Со стороны особняка над оградой склоняются уже упомянутые нами каштаны, что не мешает и другим цветущим и буйным деревьям протягивать между ними свои жаждущие воздуха ветви. В одном углу, где сквозь густую листву едва пробивается свет, широкая каменная скамья и несколько садовых стульев указывают на место встреч или на излюбленное убежище кого-нибудь из обитателей особняка, расположенного в ста шагах и едва различимого сквозь зелёную чащу. Словом, выбор этого уединённого местечка объясняется и его недоступностью для солнечных лучей, и неизменной, даже в самые знойные летние дни, прохладой, полной щебетанья птиц, и одновременной удалённостью и от дома и от улицы – то есть от деловых тревог и шума.

Под вечер одного из самых жарких дней, подаренных этою весною жителям Парижа, на этой каменной скамье лежали книга, зонтик, рабочая корзинка и батистовый платочек с начатой вышивкой; а неподалёку от скамьи, у забросанных досками ворот, нагнувшись к щели, стояла молодая девушка и глядела в знакомый нам пустынный огород.

Почти в ту же минуту бесшумно открылась калитка огорода, и вошёл высокий, мужественный молодой человек в блузе сурового полотна и бархатном картузе, причём этой простонародной одежде несколько противоречили холёные чёрные волосы, усы и борода; торопливо оглянувшись, чтобы удостовериться, что никто за ним не следит, он закрыл калитку и быстрыми шагами направился к воротам.

При виде того, кого она поджидала, но, по-видимому, не в таком костюме, девушка испуганно отшатнулась.

Однако пришедший быстрым взглядом влюблённого успел заметить сквозь щели ограды, как мелькнуло белое платье и длинный голубой пояс. Он подбежал к воротам и приложил губы к щели.

– Не бойтесь, Валентина, – сказал он, – это я.

Девушка подошла ближе.

– Почему вы так поздно сегодня? – сказала она. – Вы ведь знаете, что скоро обед и что мне нужно много дипломатии и осторожности, чтобы освободиться от мачехи, которая следит за каждым моим шагом, от горничной, которая шпионит за мной, от брата, который мне надоедает, и прийти сюда с моей работой; боюсь, что я ещё не скоро кончу эту работу. А когда вы мне объясните, почему вы задержались, вы мне скажете ещё, что означает этот костюм; из-за него я сначала даже не узнала вас.
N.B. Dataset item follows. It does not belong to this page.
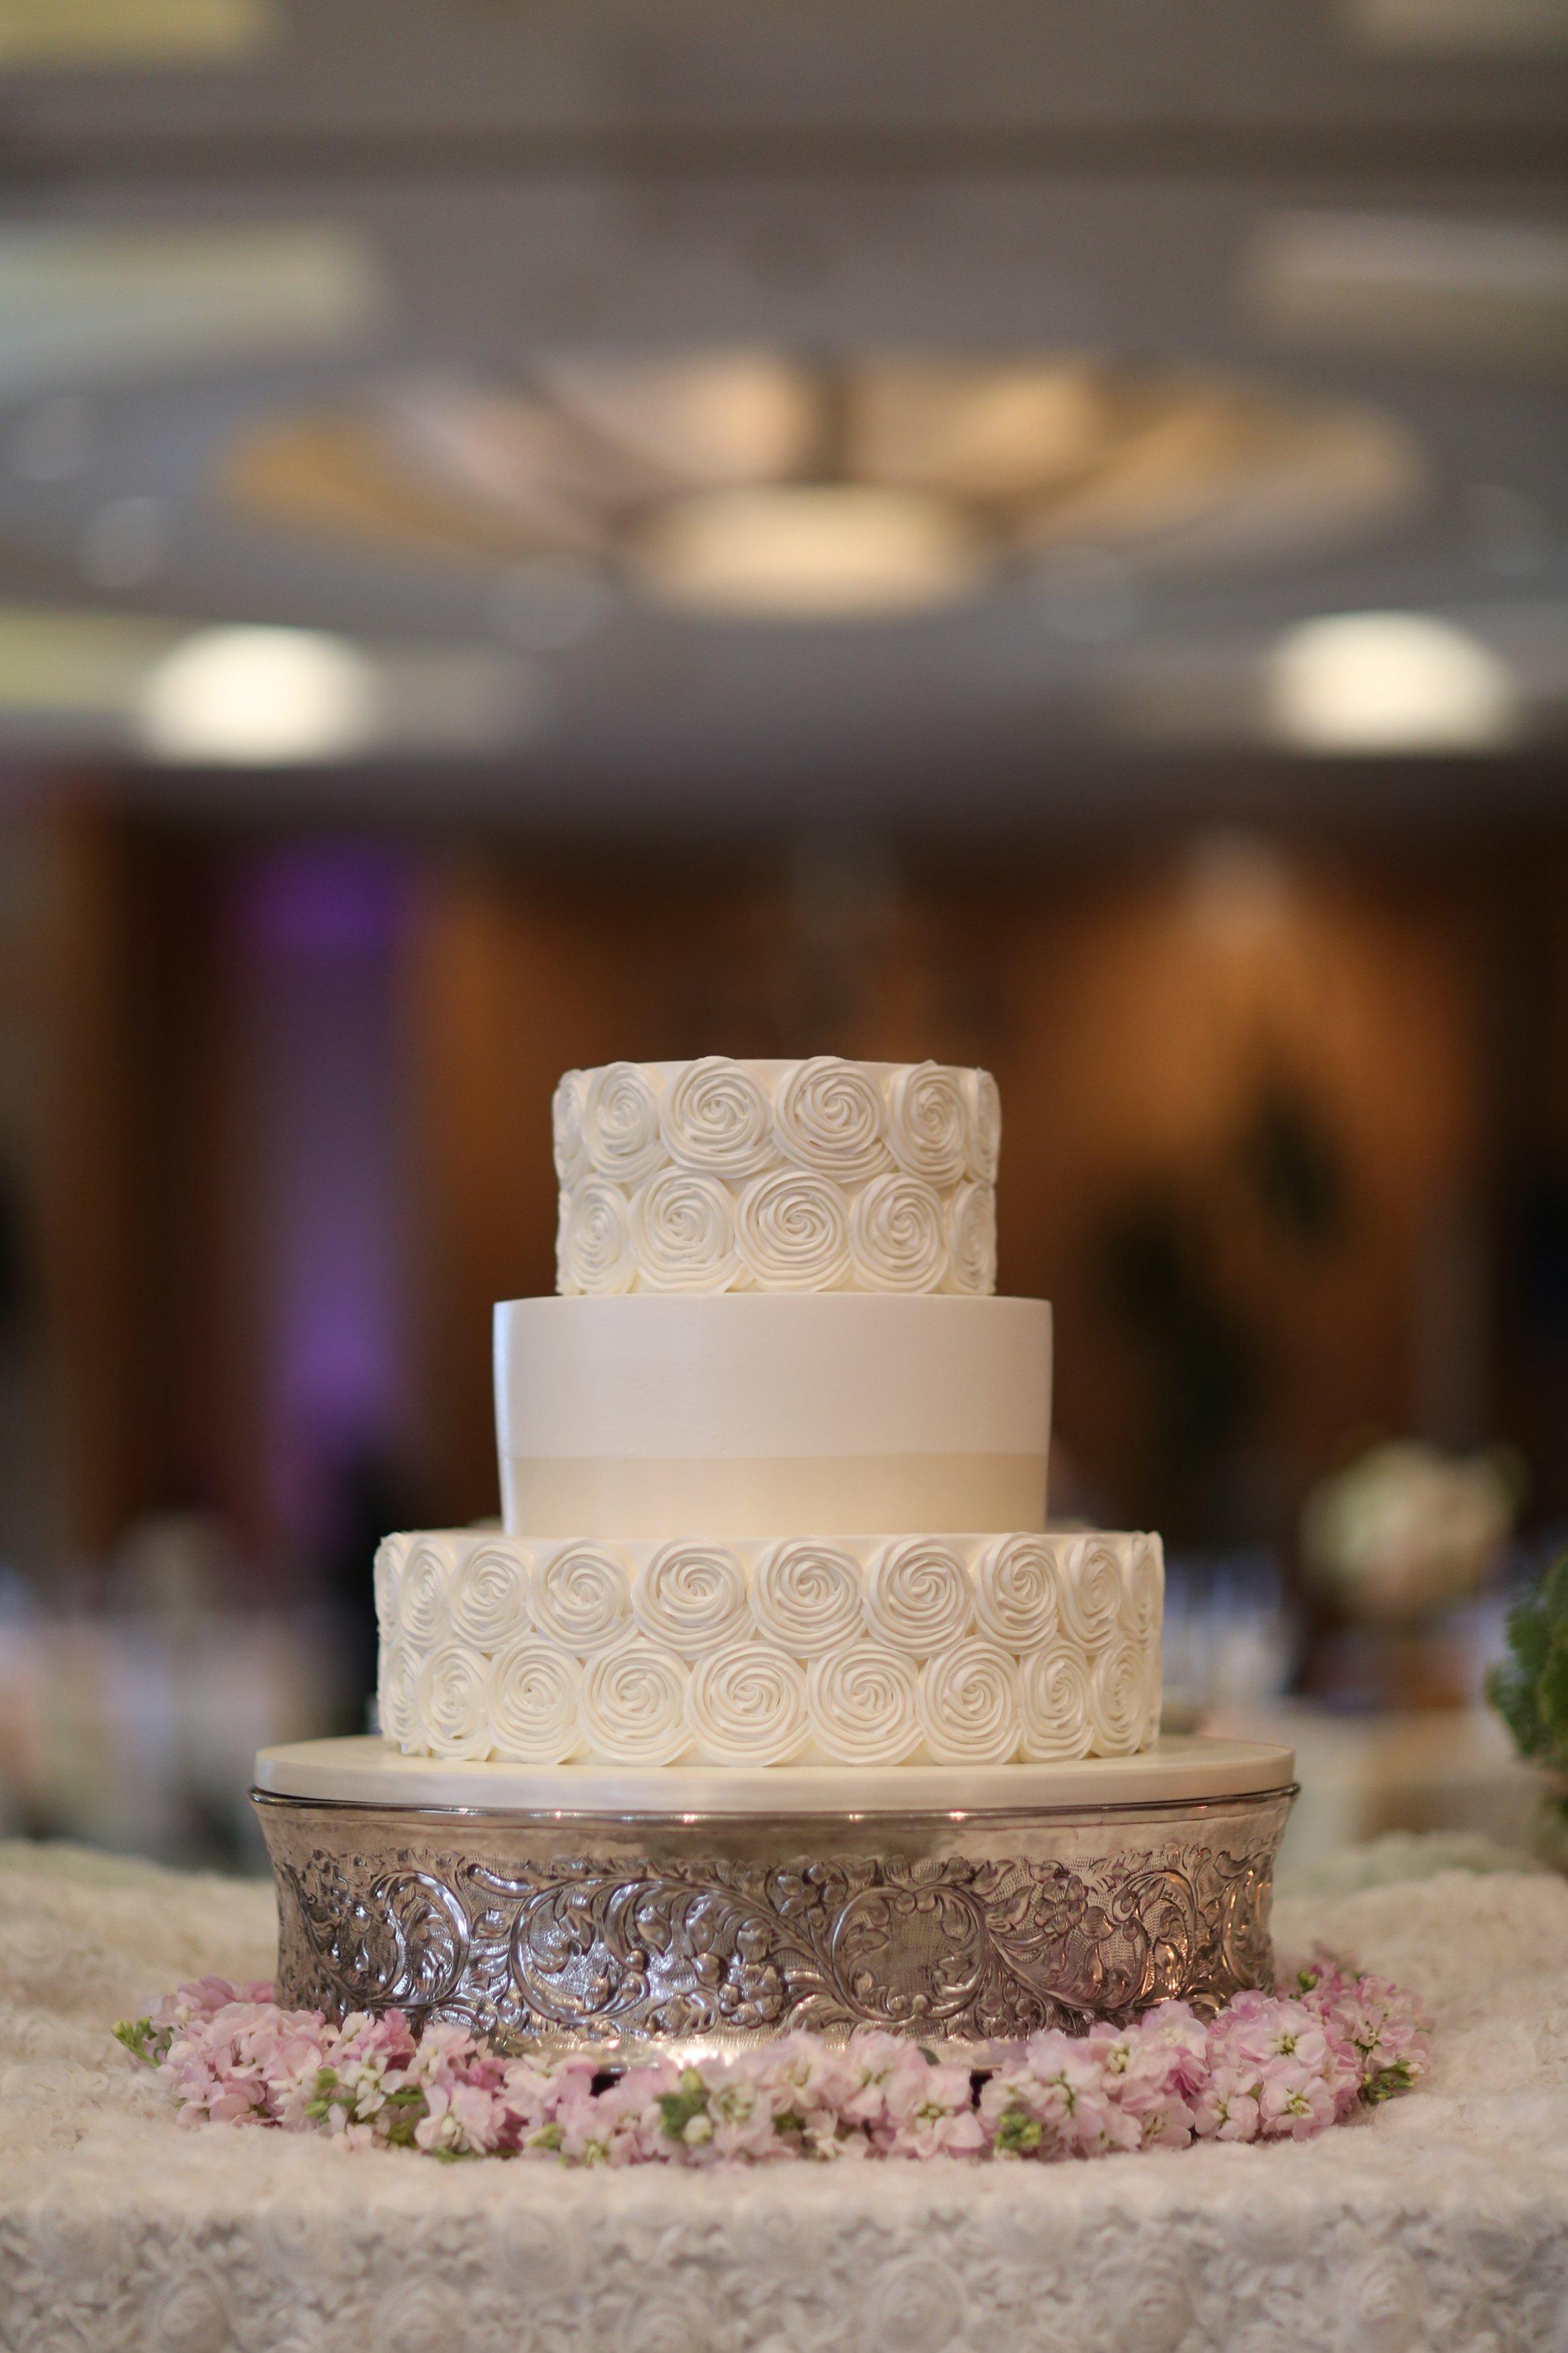 Beautiful cake from Rossmoor Pastries

– Милая Валентина, – отвечал молодой человек, – вы так недосягаемы для моей любви, что я не смею говорить вам о ней, и всё-таки, когда я вас вижу, я не могу удержаться и не сказать, что я обожаю вас. И эхо моих собственных слов утешает меня потом в разлуке с вами. А теперь спасибо вам за выговор; он очарователен, он доказывает, что вы, я не смею этого сказать, ждали меня, что вы думали обо мне. Вы хотите знать, почему я опоздал и почему я так одет? Я вам это сейчас скажу, и, надеюсь, тогда вы меня простите: я выбрал себе профессию.

– Профессию!.. Что вы хотите этим сказать, Максимилиан? Разве мы с вами так уже счастливы, чтобы шутить над тем, что нас так близко касается?
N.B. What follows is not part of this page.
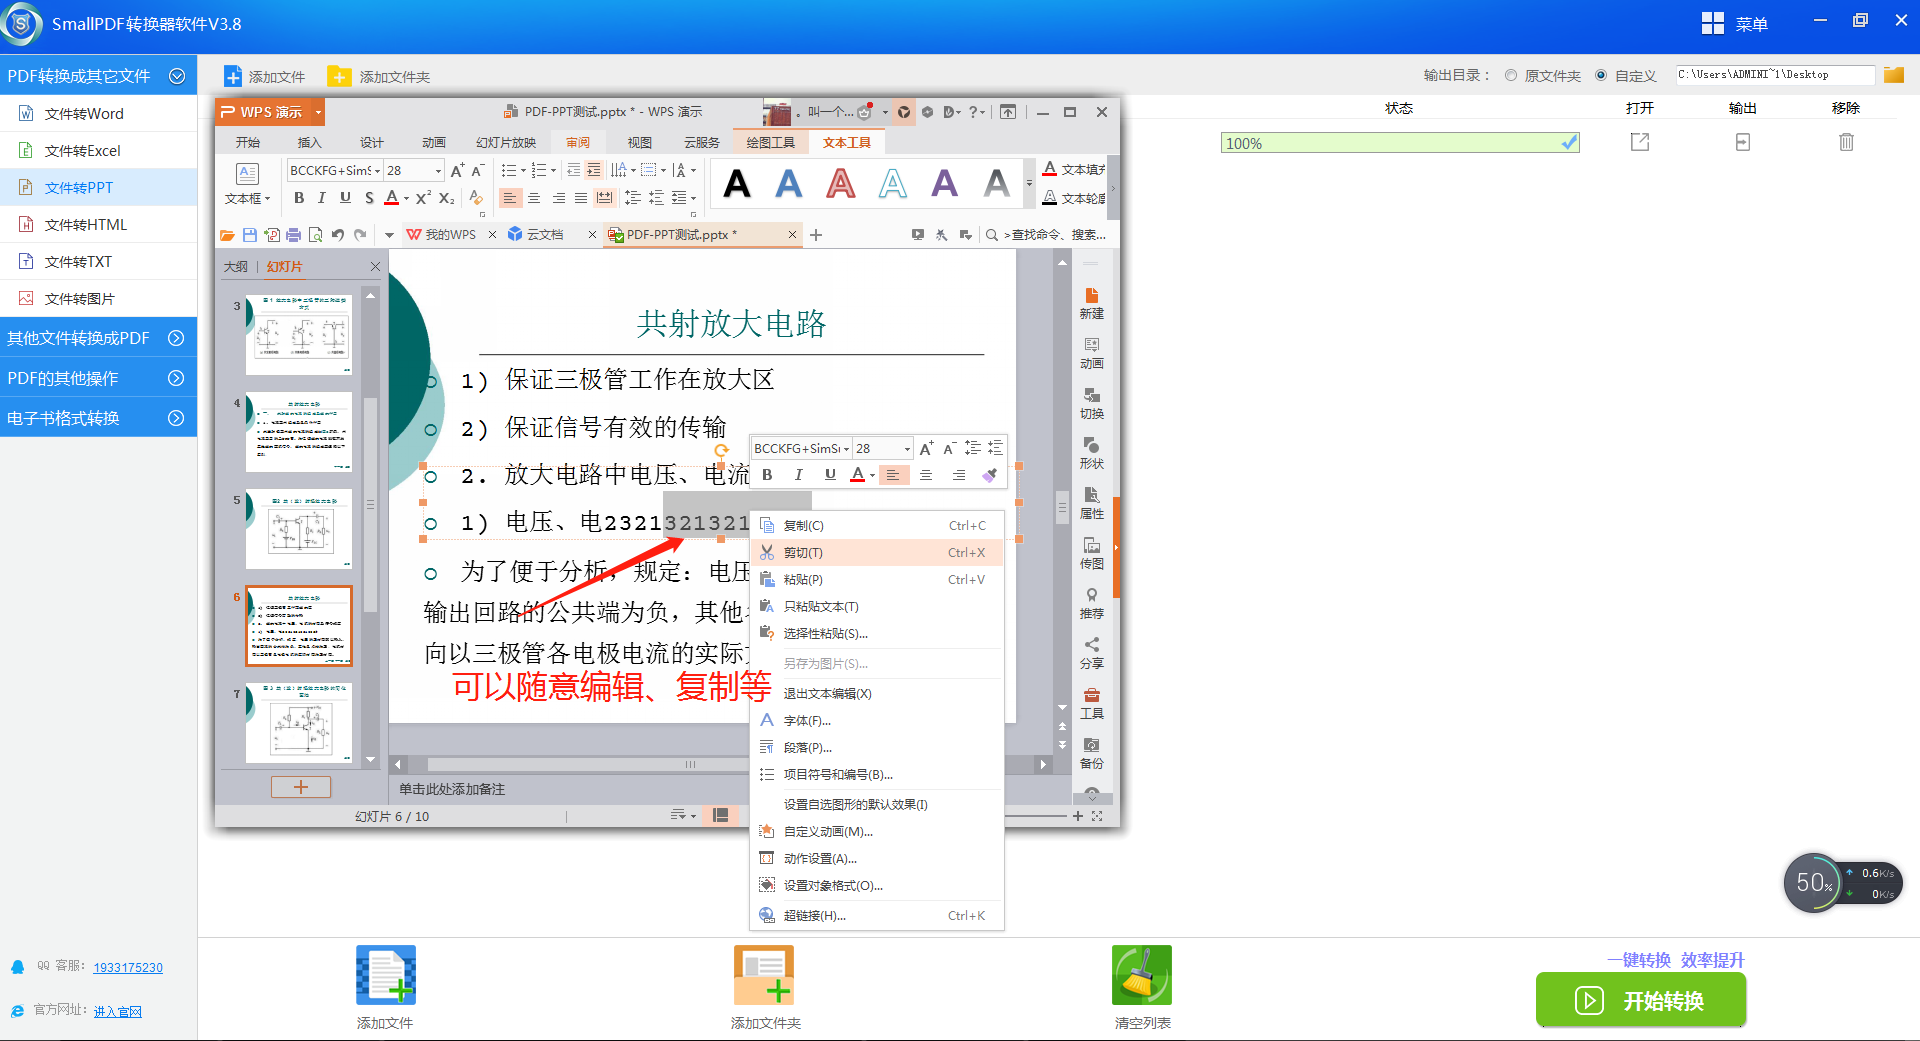 smallpdf转换器软件V3.8的pdf转换成pdf操作流程-5

– Боже меня упаси шутить над тем, что для меня дороже жизни, – сказал молодой человек, – но я устал бродить по пустырям и перелезать через заборы и меня всерьёз пугала мысль, что ваш отец когда-нибудь отдаст меня под суд как вора, – это опозорило бы всю французскую армию! – и в то же время я опасаюсь, что постоянное присутствие капитана спаги в этих местах, где нет ни одной самой маленькой осаждённой крепости и ни одного требующего защиты форта, может вызвать подозрения. Поэтому я сделался огородником и облёкся в подобающий моему званию костюм.

– Что за безумие!

– Напротив, я считаю, что это самый разумный поступок за всю мою жизнь, потому что он обеспечивает нам безопасность.

– Да объясните же, в чём дело.

– Пожалуйста! Я был у владельца этого огорода; срок договора с предыдущим арендатором истёк, и я снял его сам. Вся эта люцерна теперь моя; ничто не мешает мне построить среди этой травы шалаш и жить отныне в двух шагах от вас! Я счастлив, я не в силах сдержать свою радость! И подумайте, Валентина, что всё это можно купить за деньги. Невероятно, правда? А между тем всё это блаженство, счастье, радость, за которые я бы отдал десять лет моей жизни, стоят мне – угадайте, сколько?.. – пятьсот франков в год, с уплатой по третям! Так что, видите, мне нечего больше бояться. Я здесь у себя, я могу приставить к ограде лестницу и смотреть в ваш сад и, не опасаясь никаких патрулей, имею право говорить вам о своей любви, если только ваша гордость не возмутится тем, что это слово исходит из уст бедного подёнщика в рабочей блузе и картузе.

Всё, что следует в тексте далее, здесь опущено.